> YOUR TASK: Would you reproduce the whole listing exactly, minus its images?

> PROVIDED MATERIAL:
════════════════

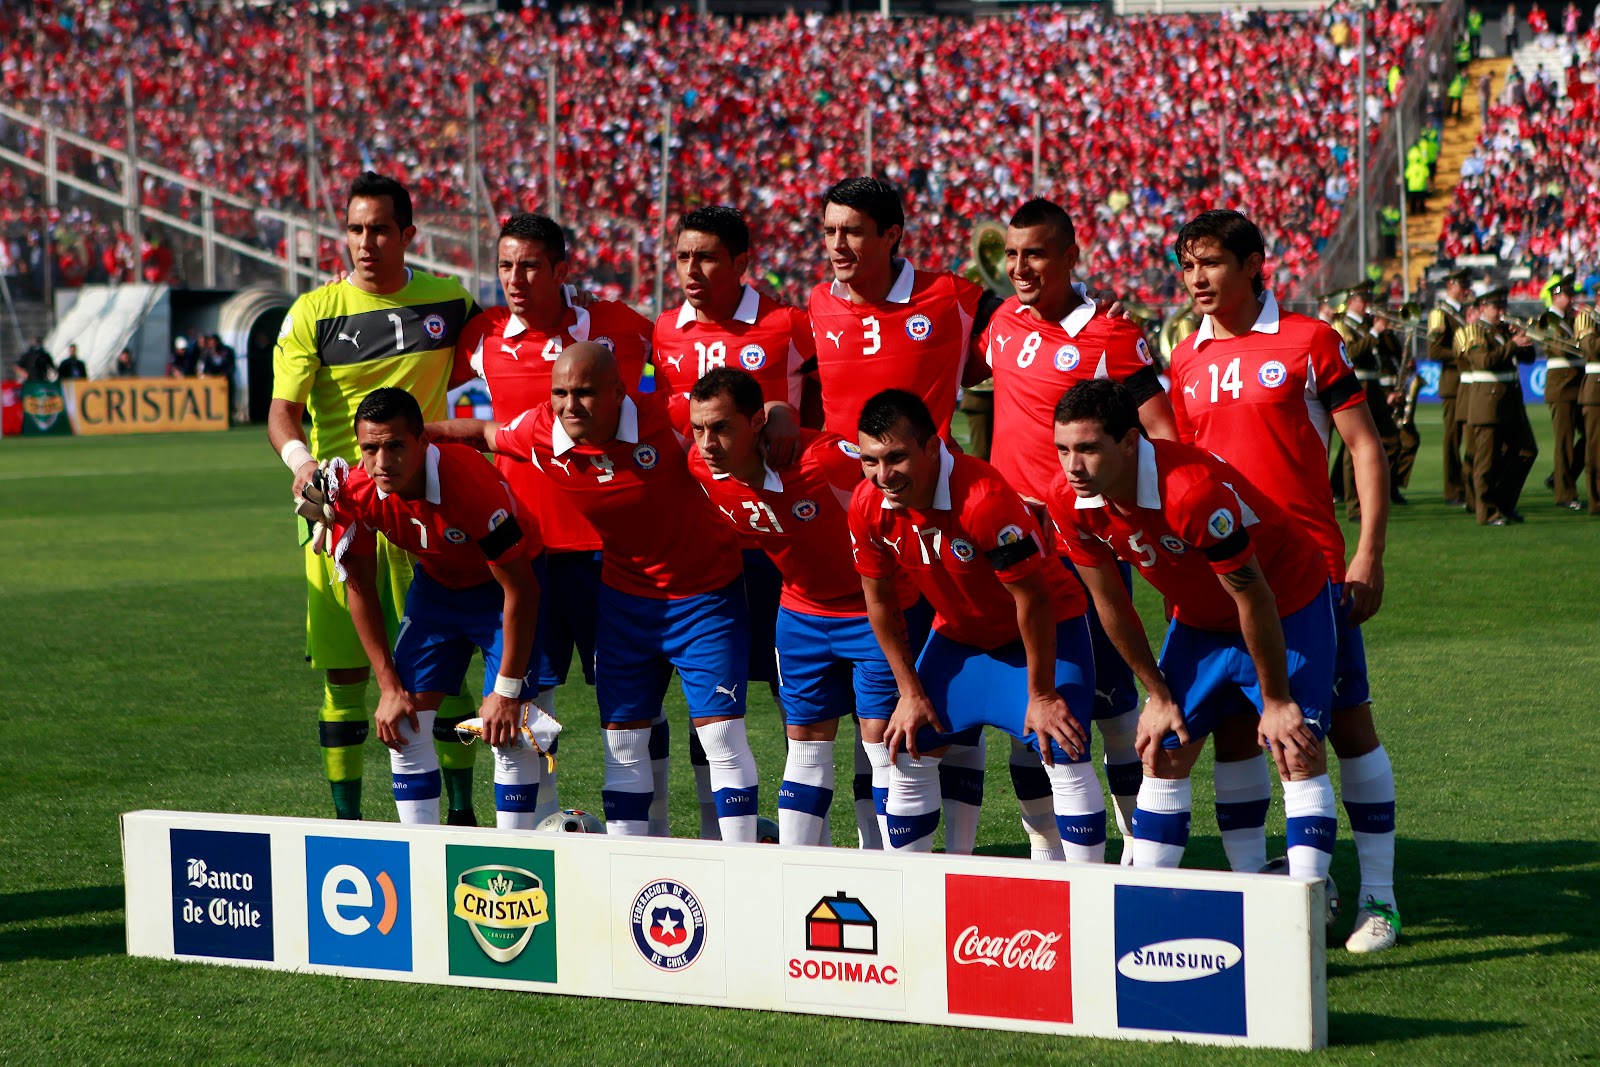 Formación de Chile ante Colombia, Clasificatorias Brasil 2014, 11 de septiembre de 2012
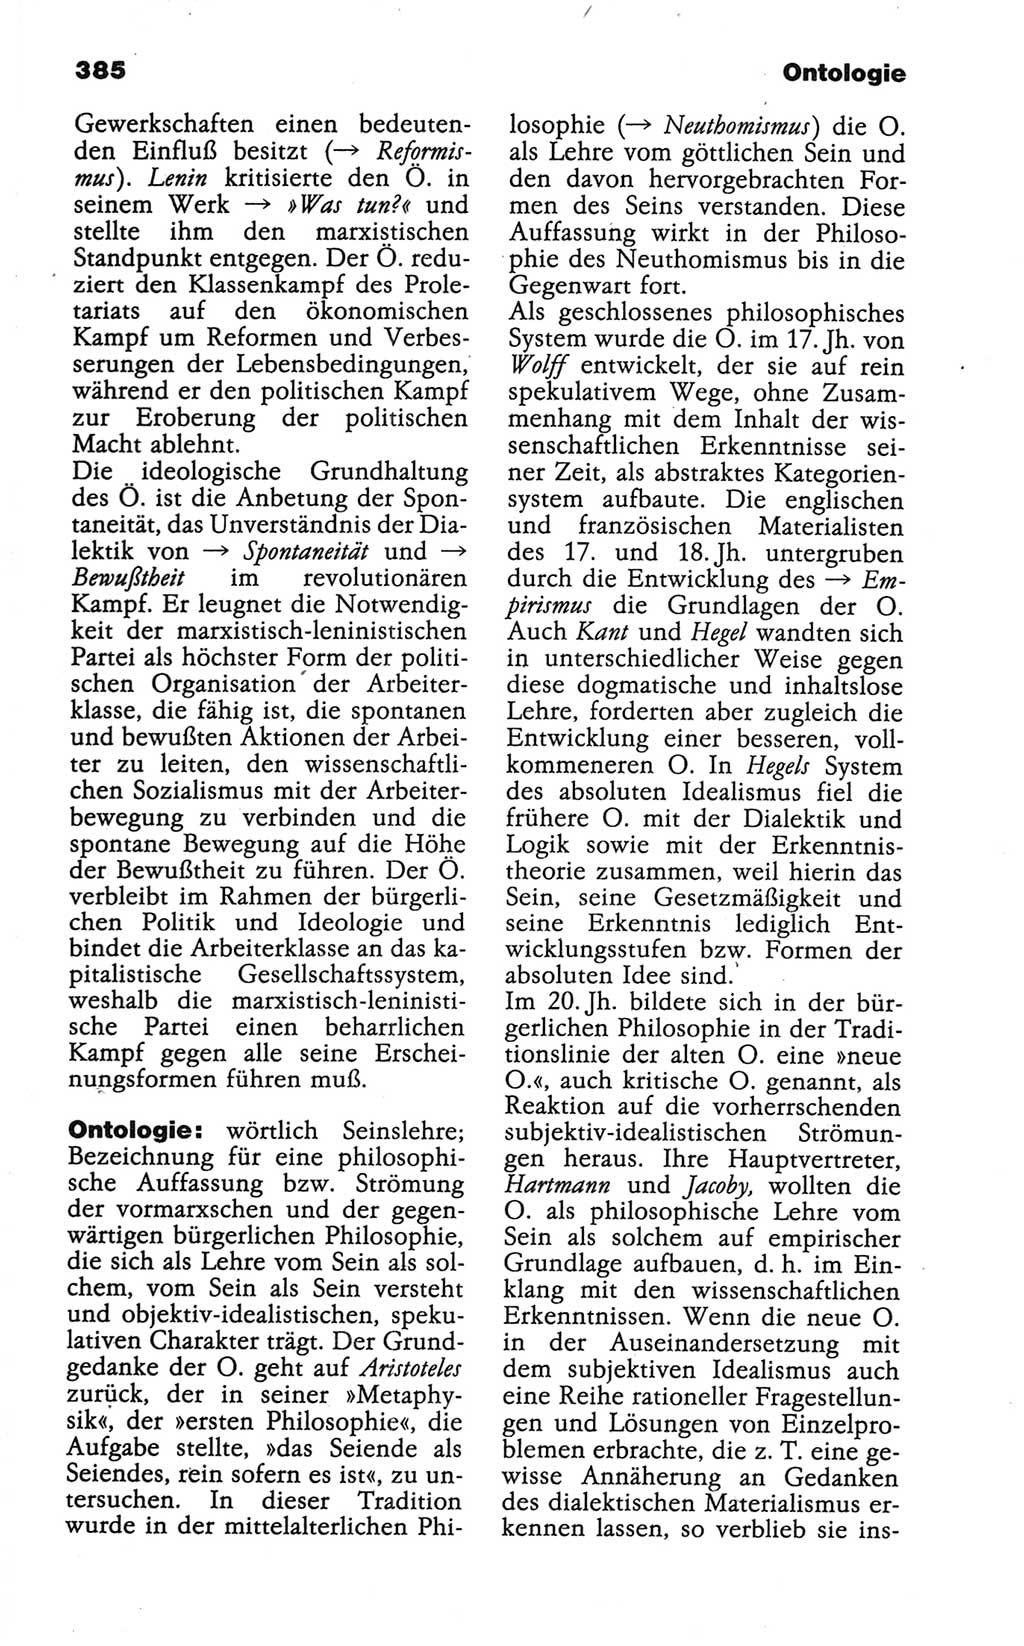 Wörterbuch der marxistisch-leninistischen Philosophie [Deutsche Demokratische Republik (DDR)] 1986, Seite 385 (Wb. ML Phil. DDR 1986, S. 385)
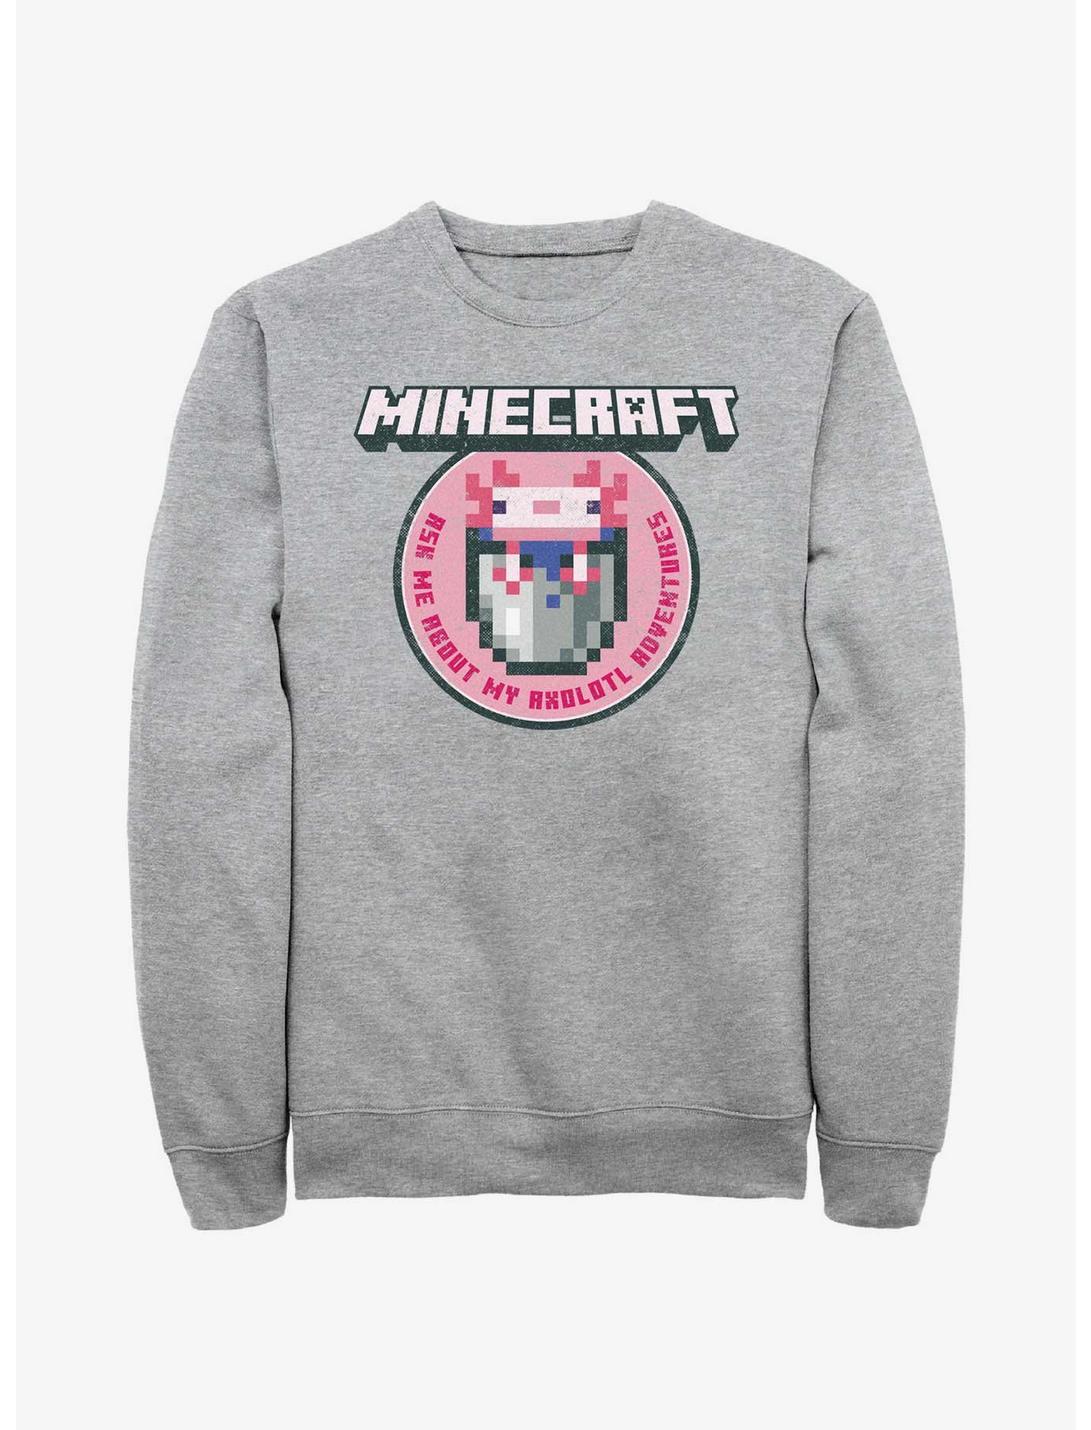 Minecraft Axolotl Adventures Sweatshirt, ATH HTR, hi-res
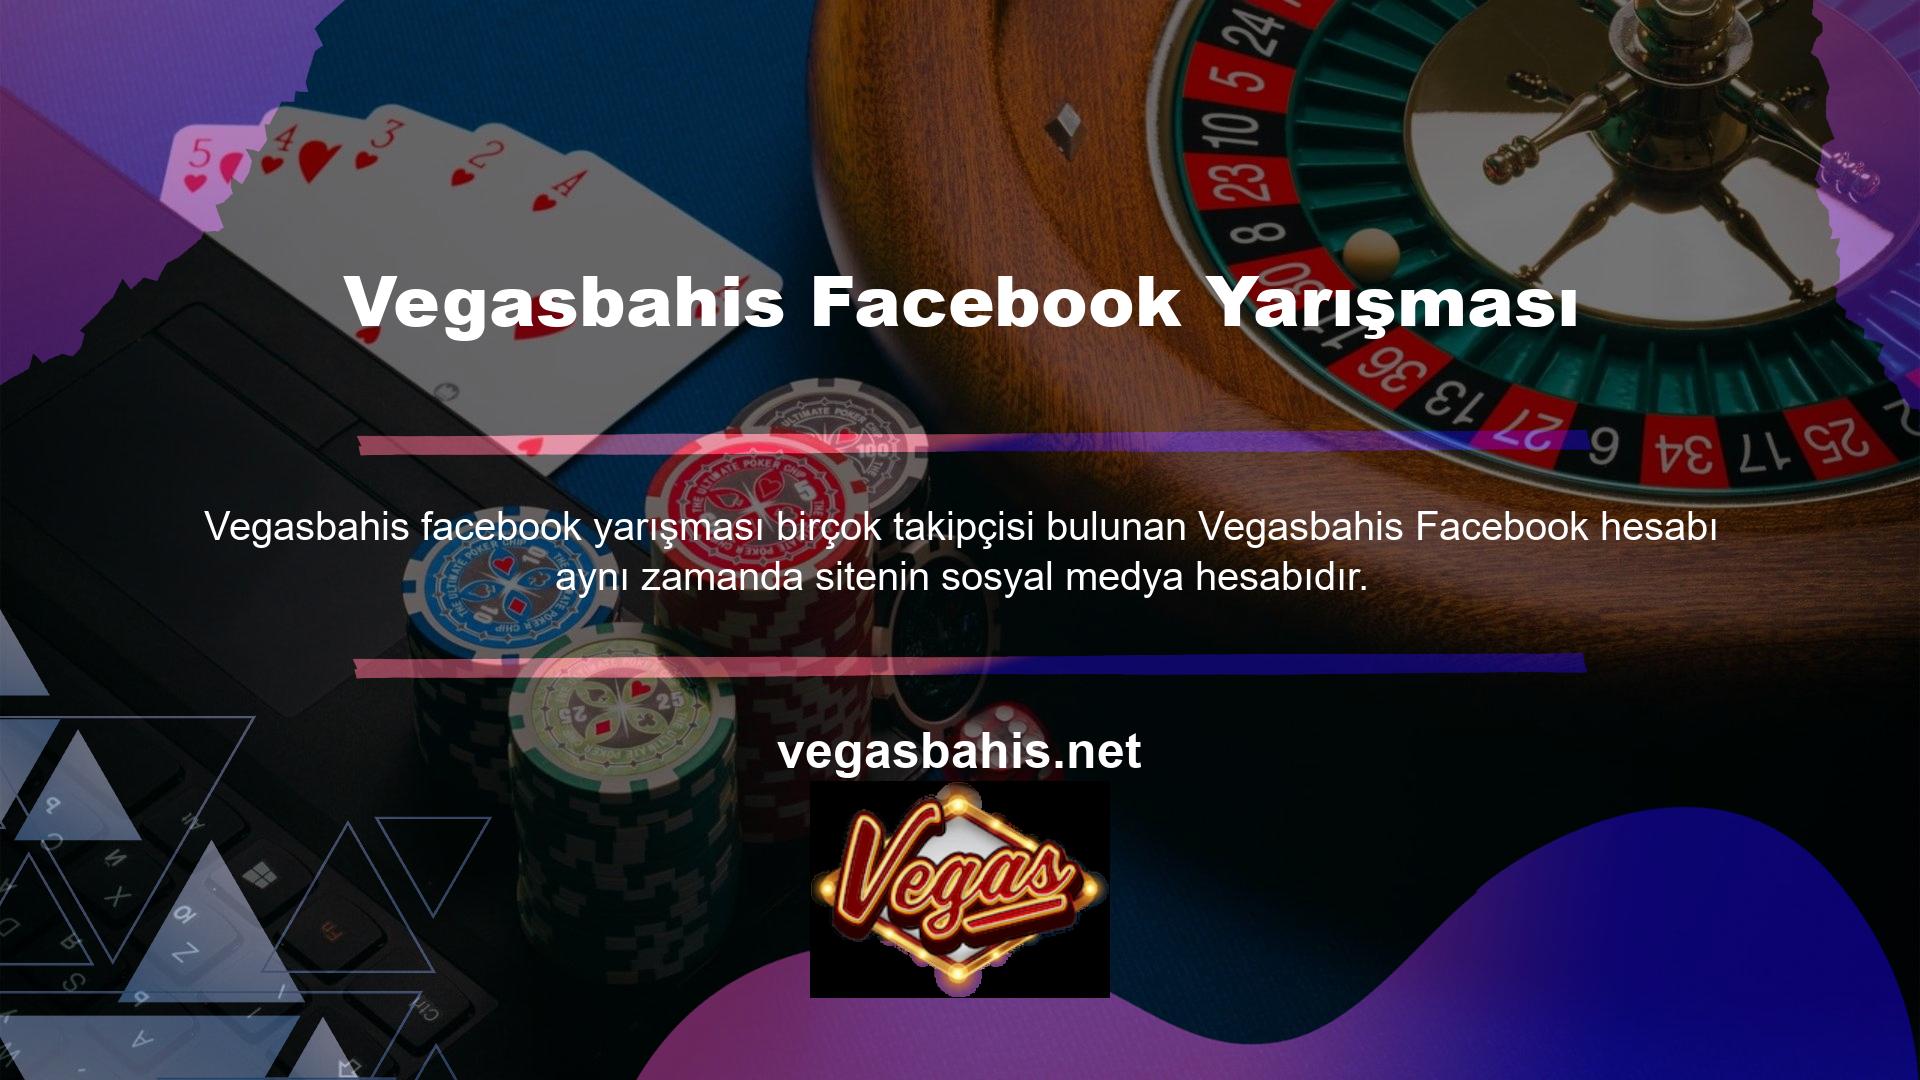 Bu hesabı aktif olarak kullanan Vegasbahis sosyal medya yarışması ilk olarak bu hesap üzerinden yapılmıştır

════════════════

> RESPONSE BOX:
 Formación de Chile ante Colombia, Clasificatorias Brasil 2014, 11 de septiembre de 2012
 Wörterbuch der marxistisch-leninistischen Philosophie [Deutsche Demokratische Republik (DDR)] 1986, Seite 385 (Wb. ML Phil. DDR 1986, S. 385)
 Minecraft Axolotl Adventures Sweatshirt, ATH HTR, hi-res
 Bu hesabı aktif olarak kullanan Vegasbahis sosyal medya yarışması ilk olarak bu hesap üzerinden yapılmıştır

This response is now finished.